En avril 2022, alors qu’Elon Musk faisait des vagues avec une offre d’achat de Twitter qui a finalement été acceptée par le conseil d’administration et finalisée à la fin de l’année, Thierry Breton a déclaré au Financial Times qu’il voulait donner à Elon Musk, un milliardaire qui se définit lui-même comme un « absolutiste de la liberté d’expression », une sorte de rappel à la réalité .
« Nous accueillons tout le monde. Nous sommes ouverts, mais à nos conditions. Au moins, nous savons quoi lui dire : Elon, il y a des règles. Vous êtes le bienvenu, mais ce sont nos règles. Ce ne sont pas vos règles qui s’appliquent ici », a déclaré Thierry Breton.

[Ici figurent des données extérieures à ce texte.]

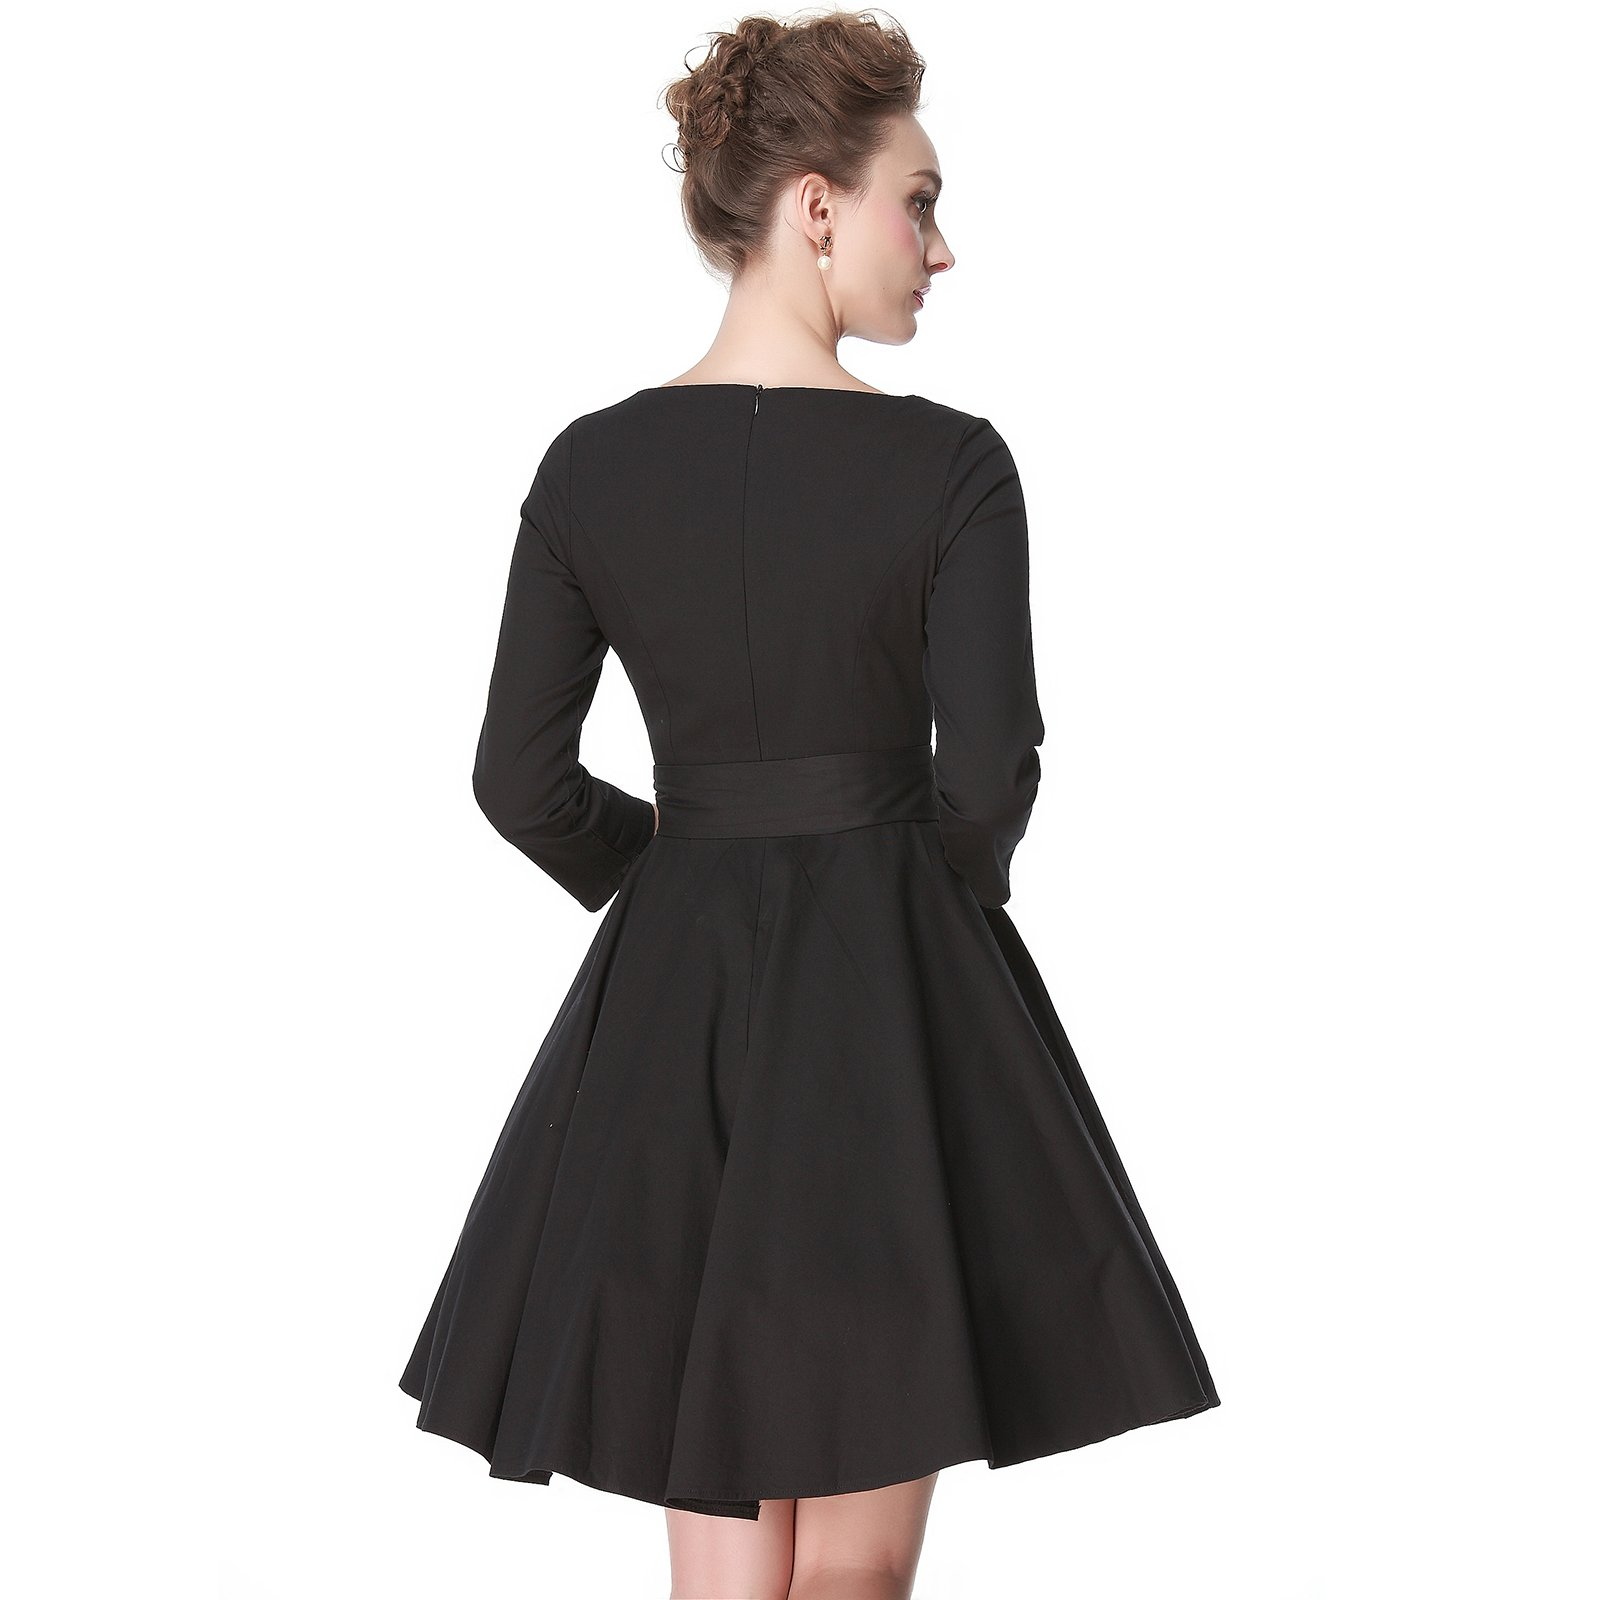 Heroecol 50s 60s Hepburn 3/4 Sleeve Style Vintage Retro Swing Rockailly Dresses Size XL Color Black by Heroecol (Image #2)

En novembre, Thierry Breton a déclaré aux médias français que le gouvernement de l’Union européenne « aura le contrôle » de Twitter et que si Elon Musk souhaite opérer dans l’UE, il « devra ouvrir ses algorithmes » et « nous aurons le contrôle, nous aurons l’accès ».
« Il est en train de réduire un certain nombre de modérateurs, mais il devra les augmenter en Europe », avait alors déclaré Thierry Breton.
Désinformation
Selon France24, Thierry Breton aurait déclaré, lors de l’annonce concernant les 19 plateformes, qu’elles devraient revoir leurs systèmes pour « empêcher l’amplification algorithmique de la désinformation ».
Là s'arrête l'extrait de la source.